If you notice, they have well-detailed objects... which are copy-pasted everywhere. Because that way, all the objects in the scene can use the same representation in memory. Which makes the unlimited aspect laughably pointless. It's all very well and good that you have a game with an elephant statue where you can zoom in at the atomic level and see procedurally-generated stuff for it; but it's still a game that consists of a camera moving around an elephant statue. There could be twelve billion elephant statues, they're all clones of each other. You damage one? All others mimic the damage exactly because they share the same representation in memory.
It makes for pretty tech demo; but it's useless for games. You can't build a game out of looking at elephant statues.

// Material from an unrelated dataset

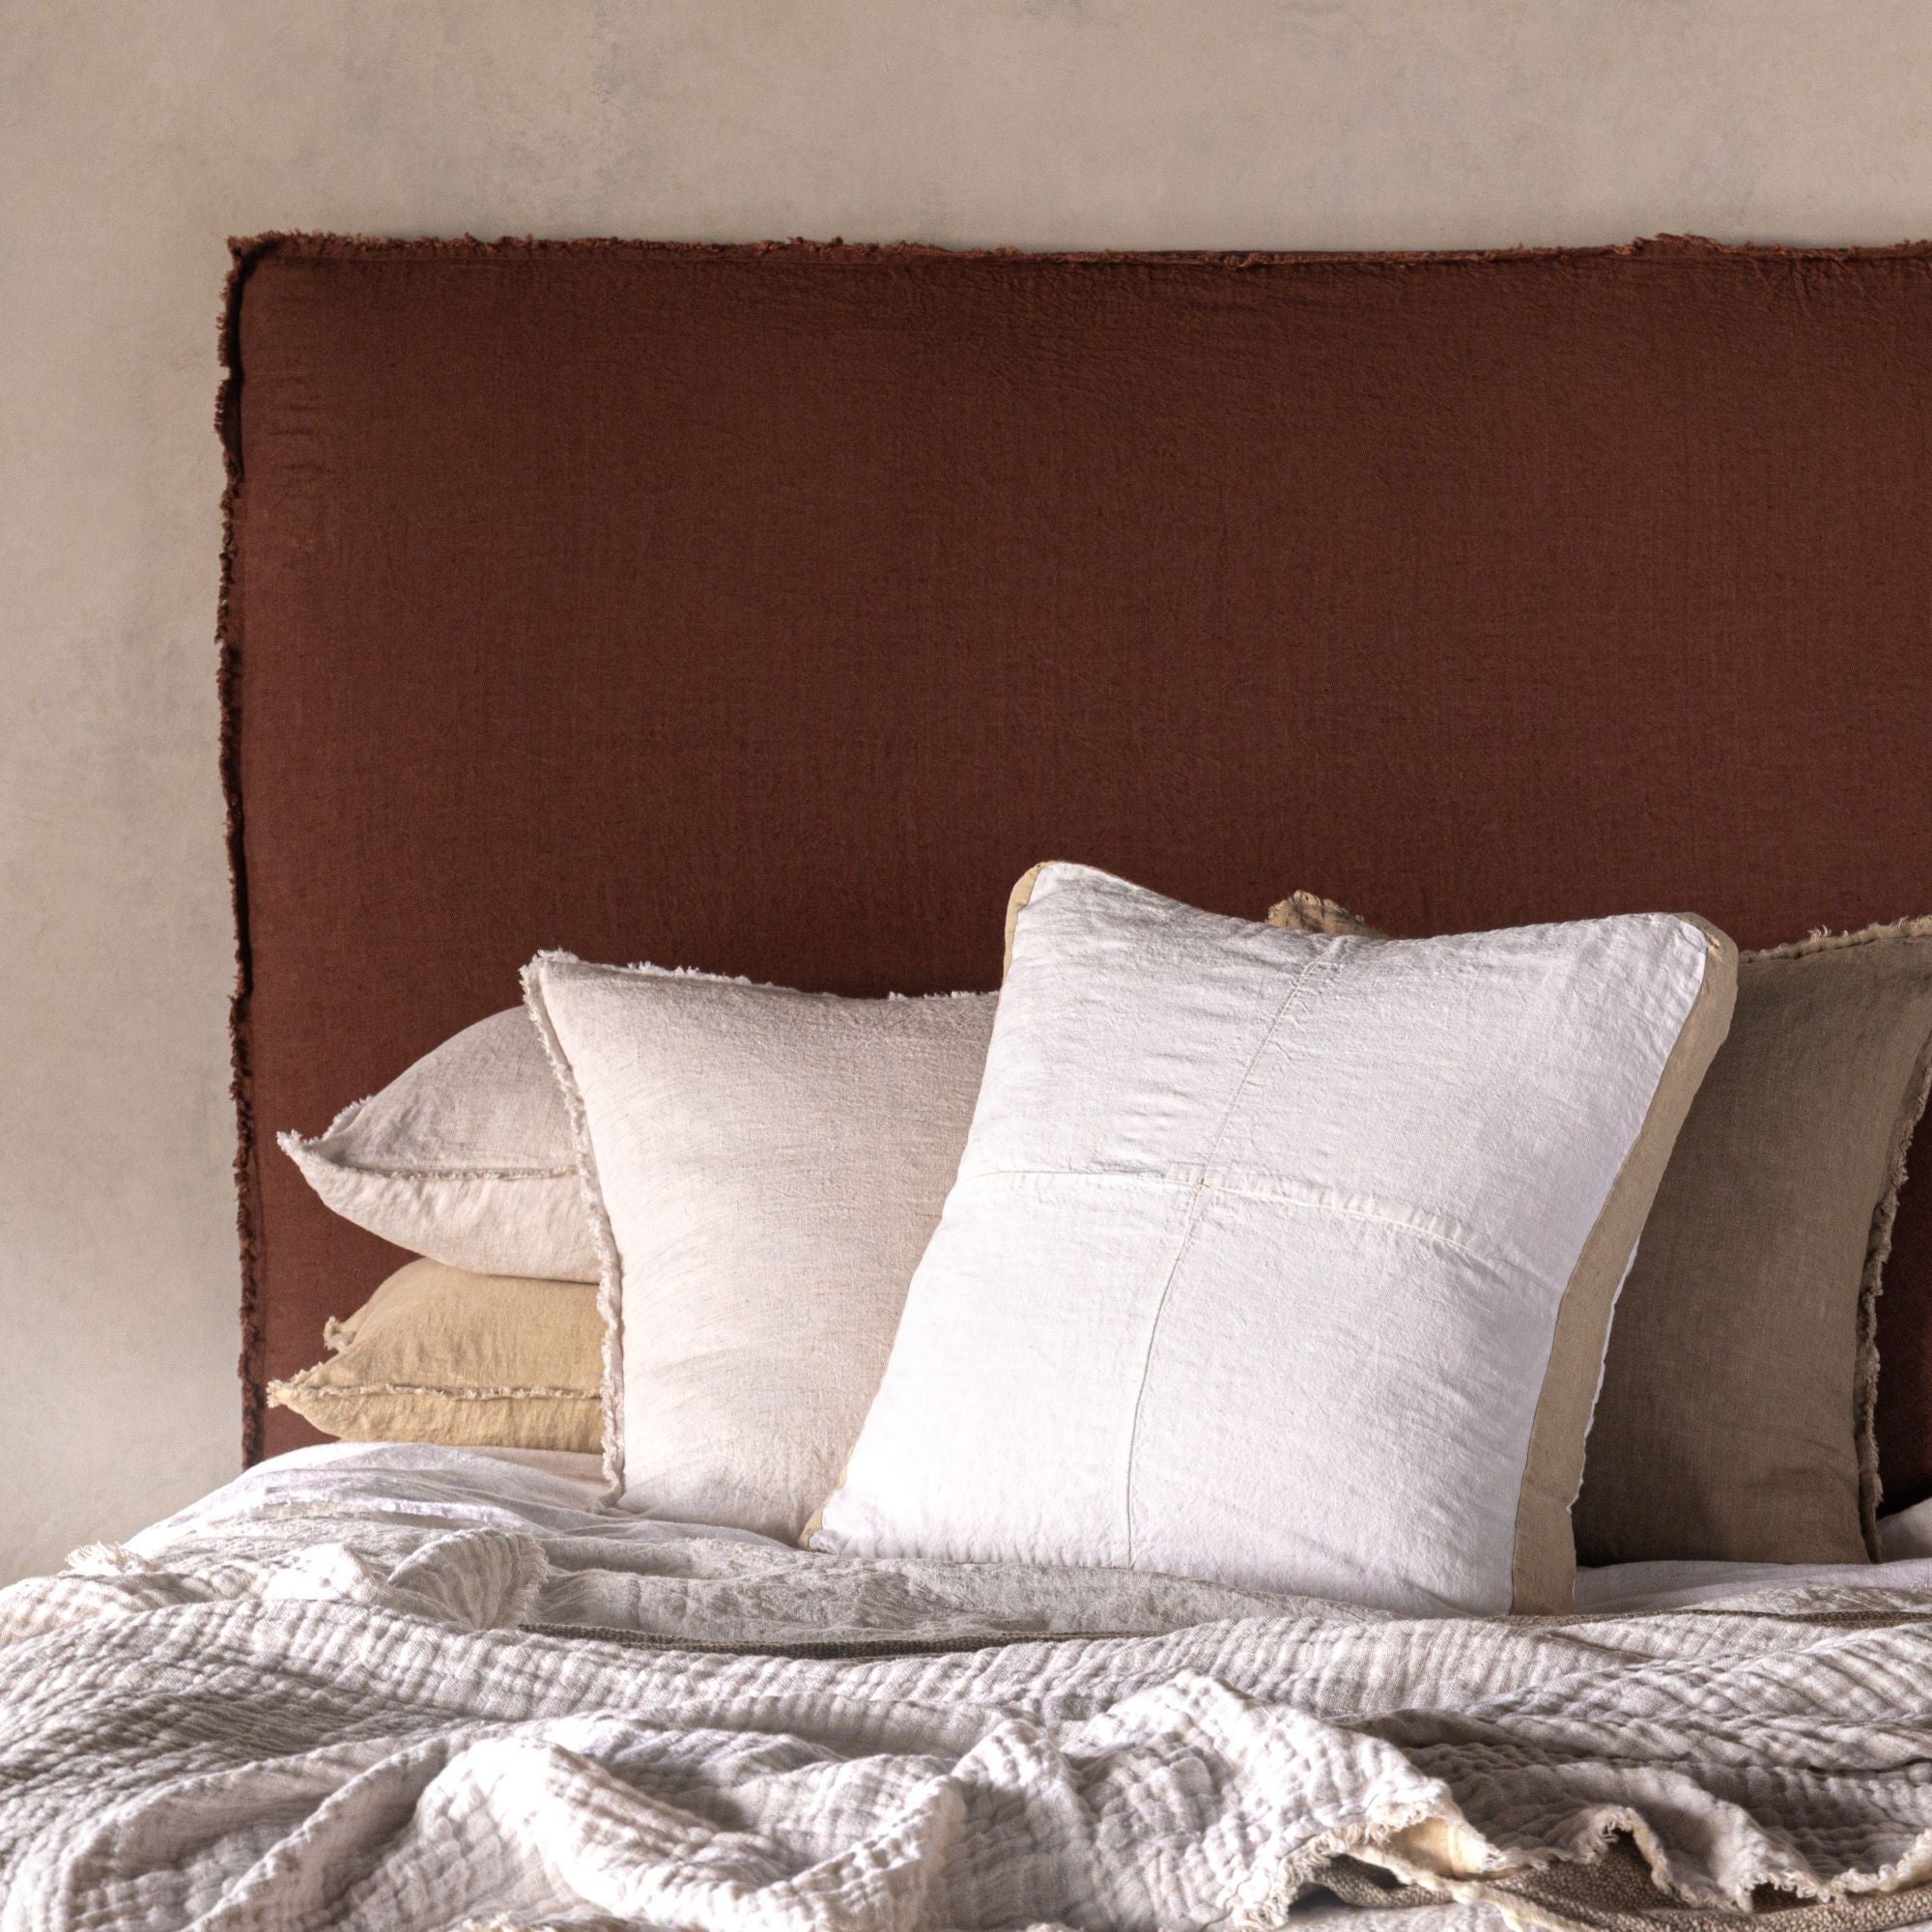 Linen Bedhead | Removable Linen Cover | Hale Mercantile Co.

The simple thing is that voxels are incredibly gluttonous. They gobble RAM like nothing else. They are, after all, 3D images. Take a 1024x1024 picture in RGBA: it takes up 1024x1024x4x8 bits in memory, or 4 megabytes. Now instead of a picture with pixels, make it a volume with voxels. 1024x1024x1024x4x8 = 4 gigabytes. Ouch!
Sure, there are ways to make voxel use up less memory. The approach generally used is through octal trees: you have a rough, low-detail three-dimensional grid (like, 2x2x2) and each of the blocks in that grid can be either entirely empty and stop here, entirely full and also stop here, or partly empty and partly full and then it has eight children in a 2x2x2 grid too. This approach is useful because it allows you to save some space in most cases and it also gives you a quick, built-in way to vary the level of detail by simply choosing the depth at which you stop going down the branches and instead just average a node from the values of its children. But doing so has a big disadvantage: the volumes can no longer be dynamically altered, unless you load them in full and recalculate them entirely. Which means either keeping the maximum level of detail quite low, and thereby renouncing any attempt at creating convincing "infinite details" from them; or dropping that idea and keeping voxels for static geometry.
This is the approach Carmack is taking for Idtech 6, the next engine after Rage and Doom 4. Static geometry such as terrain -- generally represented by height maps currently -- will be voxel, allowing to make cliffs and caves without having to use meshes for that. Everything dynamic as well as smaller but more varied static objects will stay as polygons.